- Data extract -
-------------------------

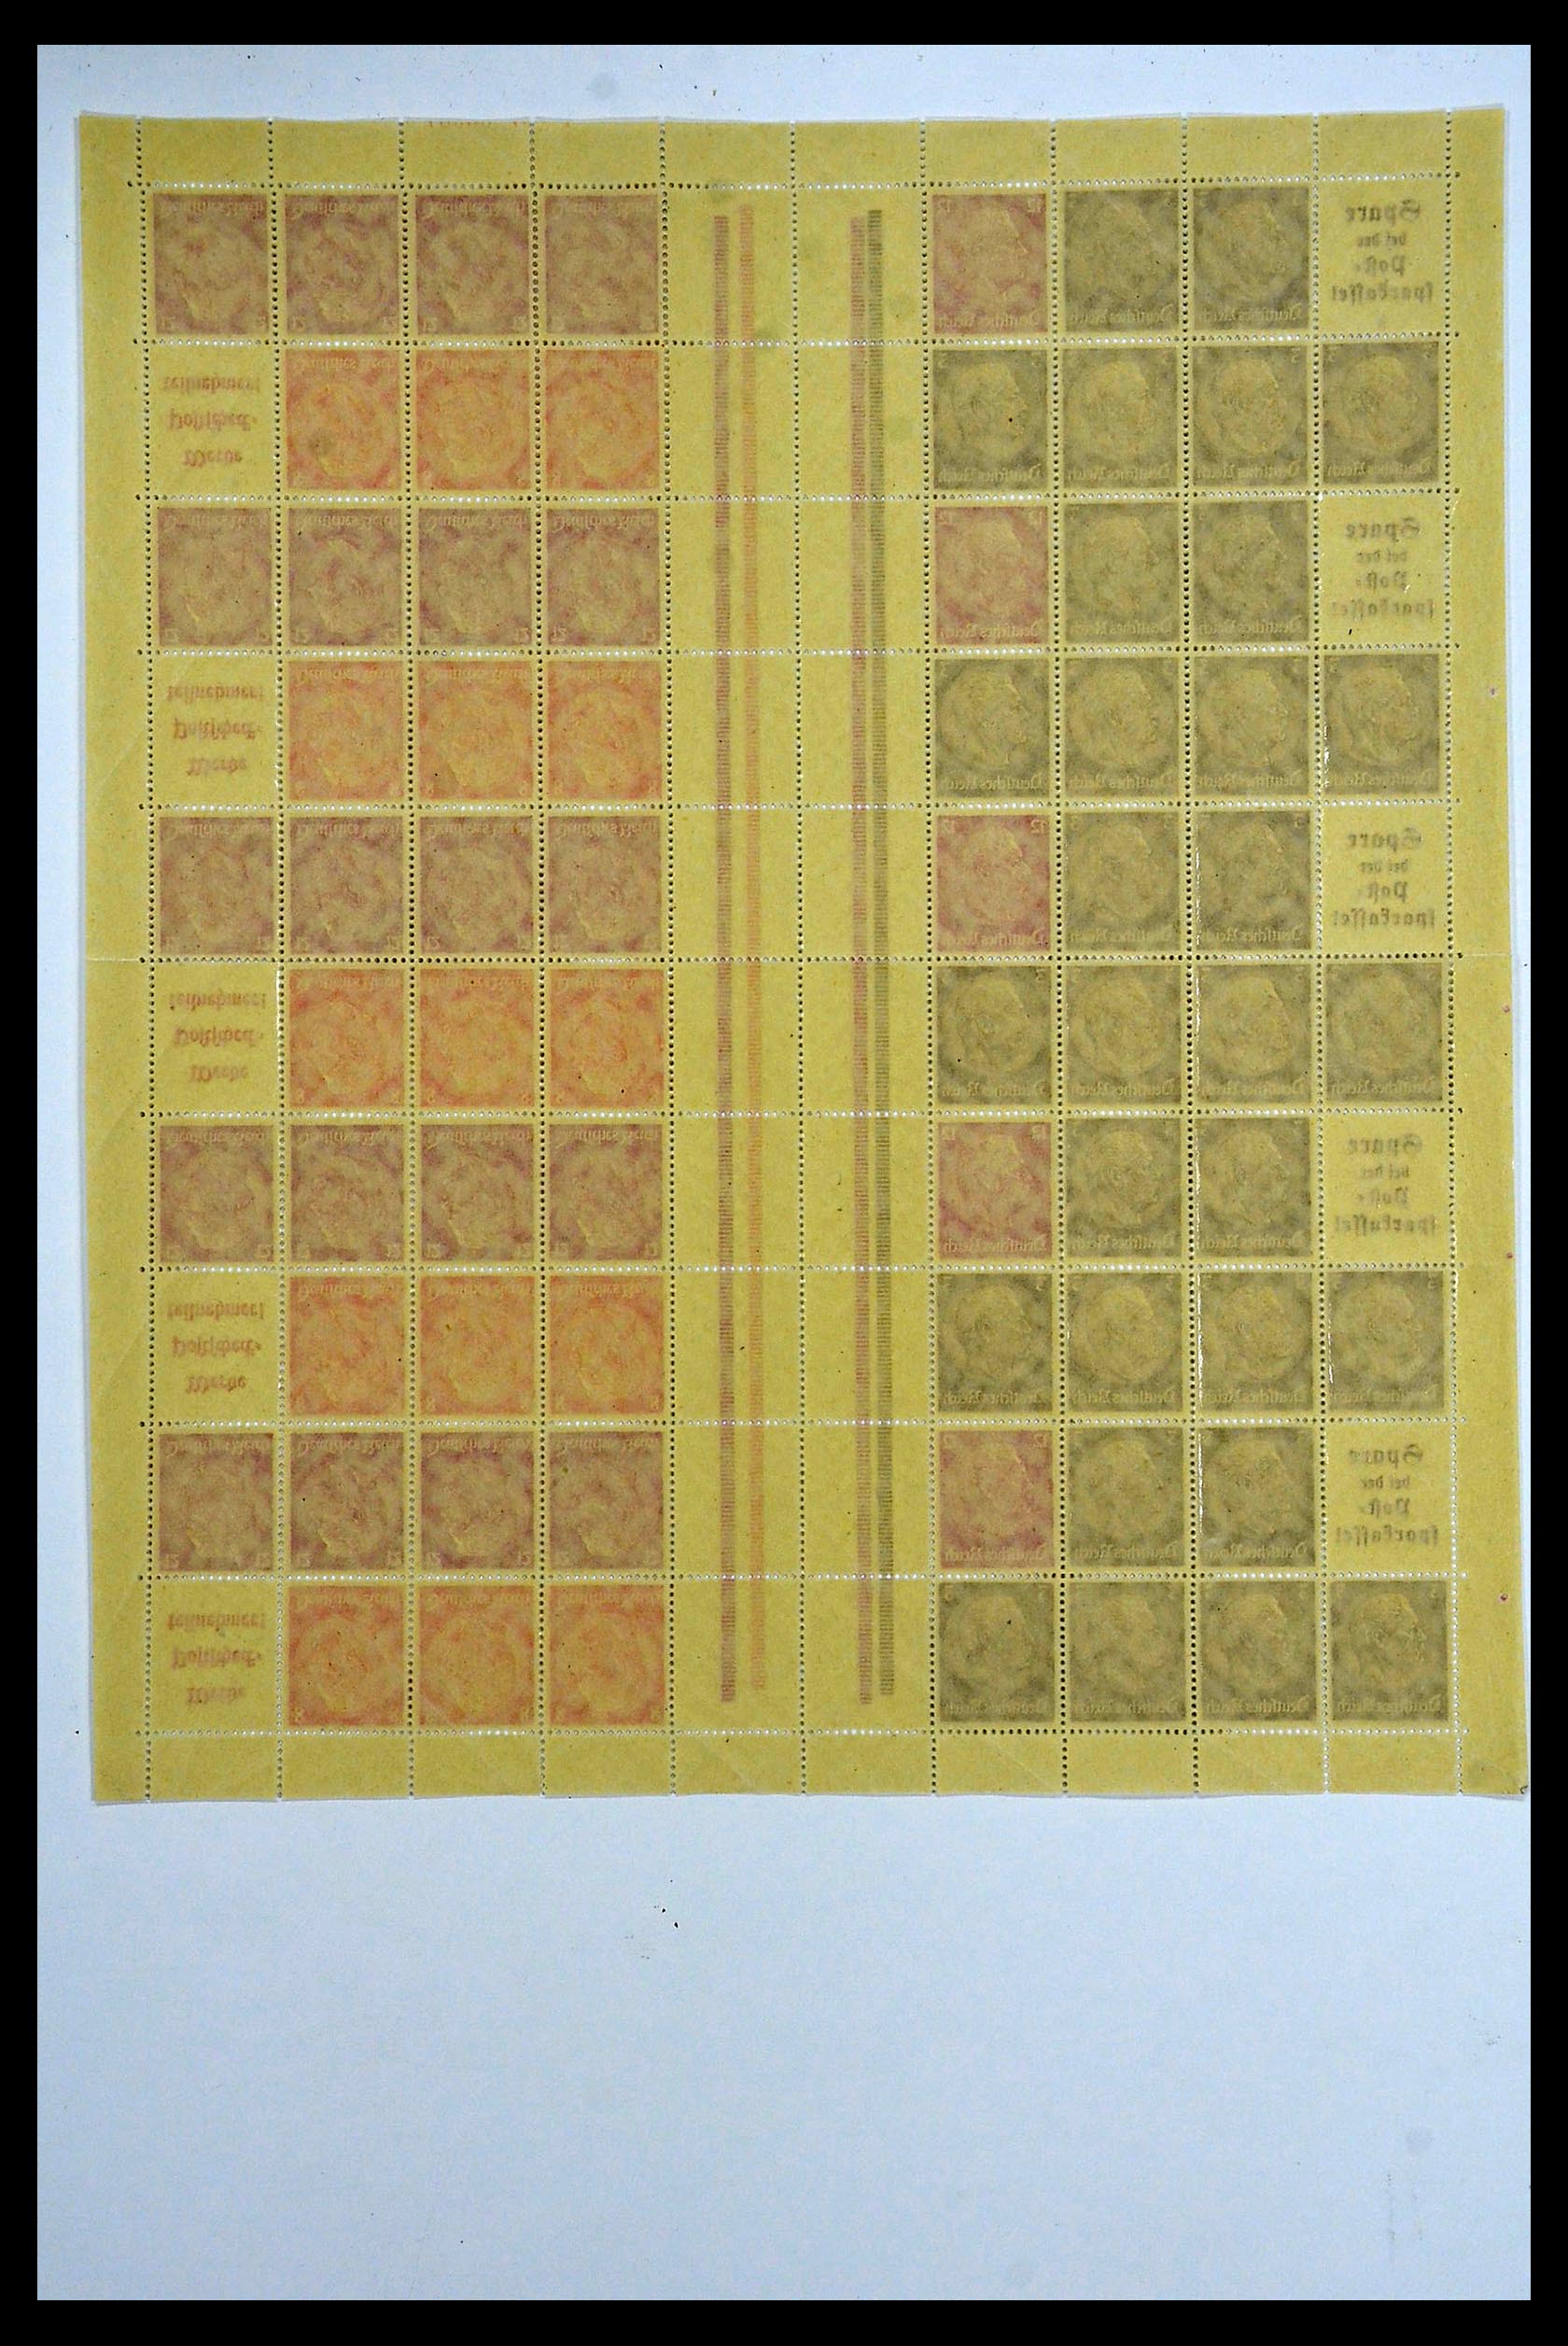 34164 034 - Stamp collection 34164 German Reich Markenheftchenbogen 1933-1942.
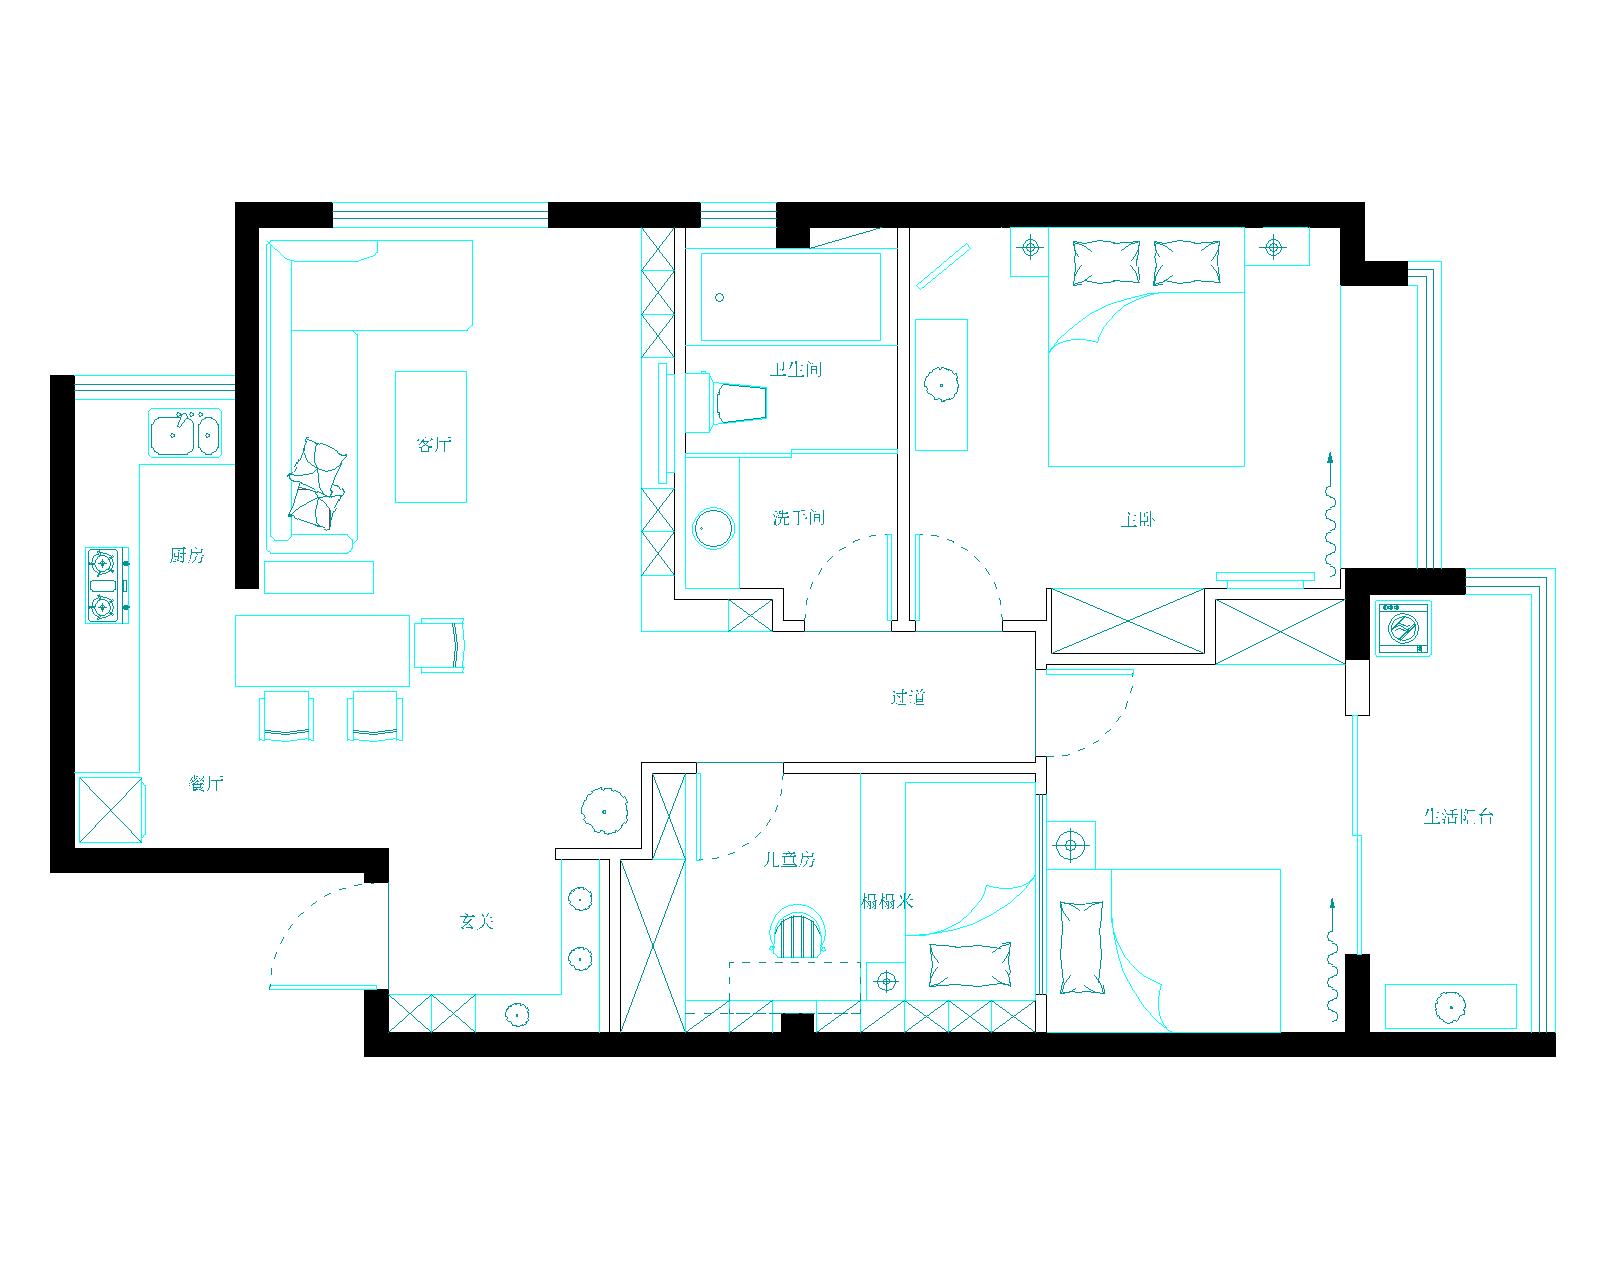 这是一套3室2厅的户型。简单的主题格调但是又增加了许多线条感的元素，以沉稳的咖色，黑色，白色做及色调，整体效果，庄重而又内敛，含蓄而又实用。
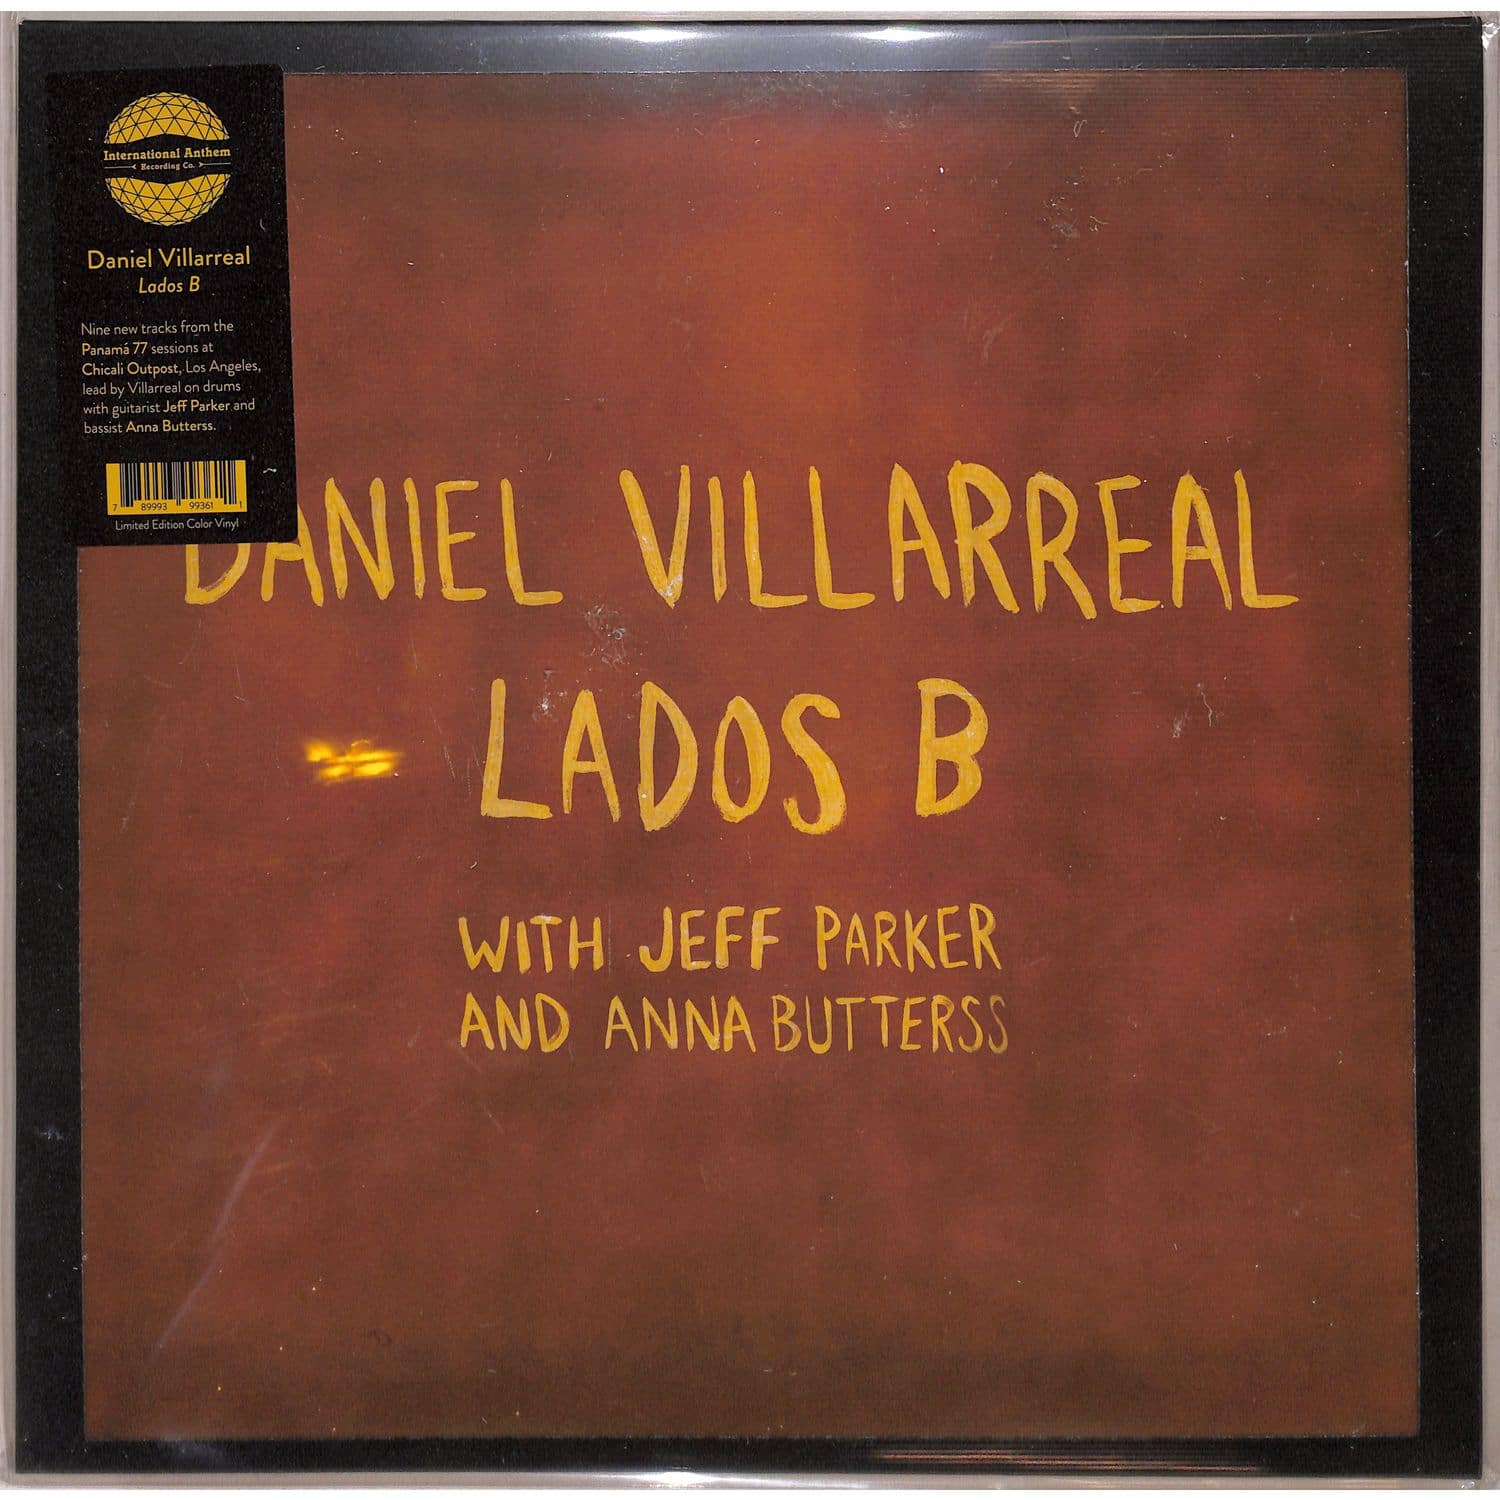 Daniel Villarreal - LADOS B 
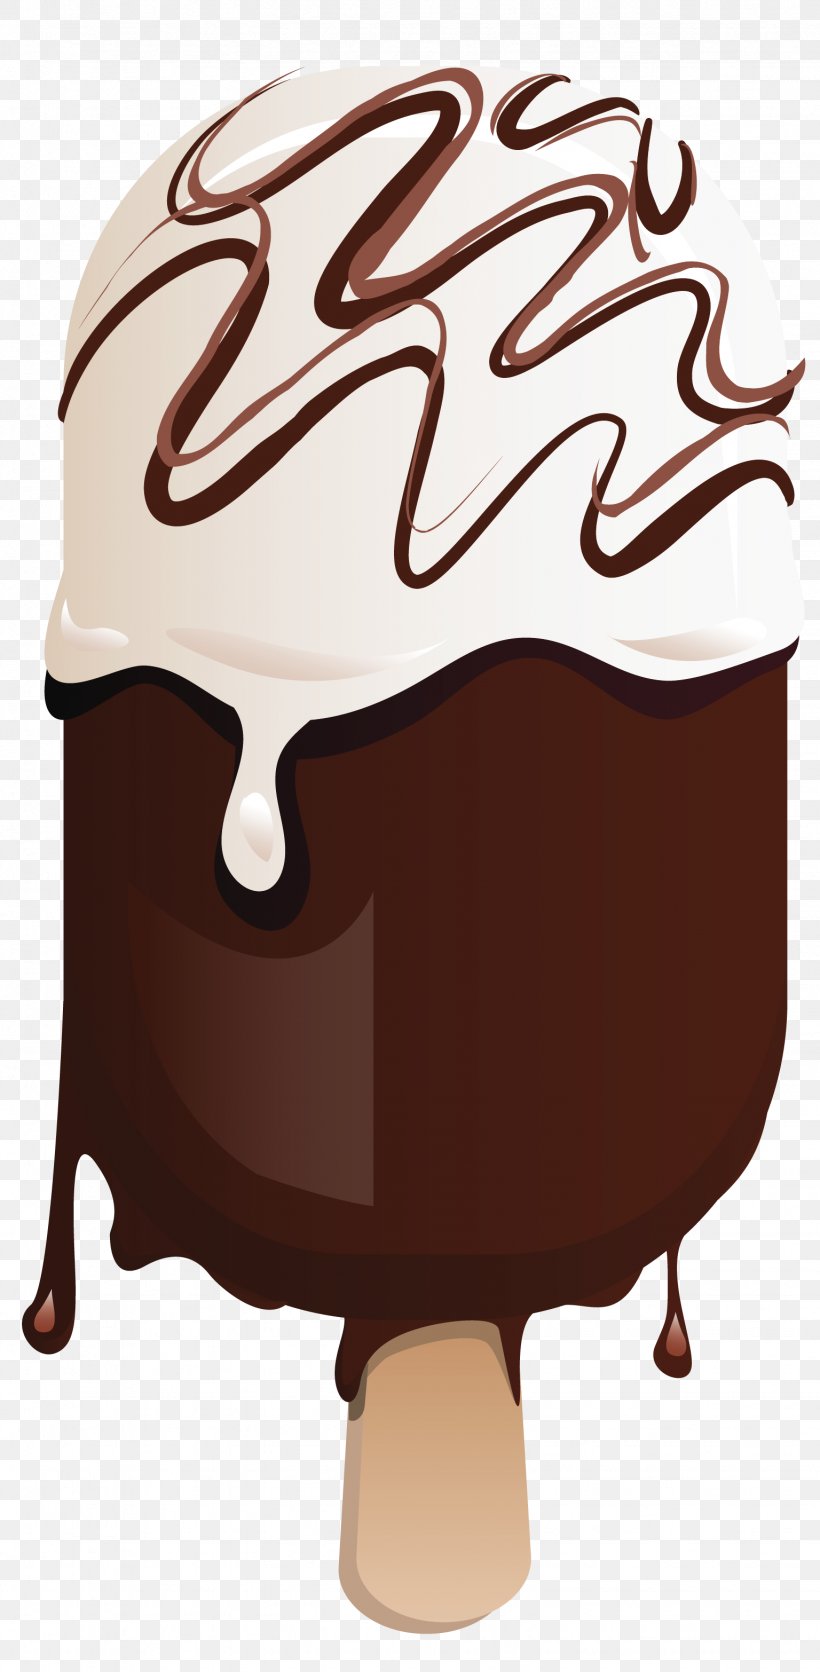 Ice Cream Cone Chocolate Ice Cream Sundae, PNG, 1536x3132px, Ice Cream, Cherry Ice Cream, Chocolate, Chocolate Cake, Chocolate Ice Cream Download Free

-------------------------

- Task -
When you reproduce the material, keep every word exact and leave each picture out.

- Answer to this problem -
 34164 034 - Stamp collection 34164 German Reich Markenheftchenbogen 1933-1942.
 这是一套3室2厅的户型。简单的主题格调但是又增加了许多线条感的元素，以沉稳的咖色，黑色，白色做及色调，整体效果，庄重而又内敛，含蓄而又实用。
 Daniel Villarreal - LADOS B 
 Ice Cream Cone Chocolate Ice Cream Sundae, PNG, 1536x3132px, Ice Cream, Cherry Ice Cream, Chocolate, Chocolate Cake, Chocolate Ice Cream Download Free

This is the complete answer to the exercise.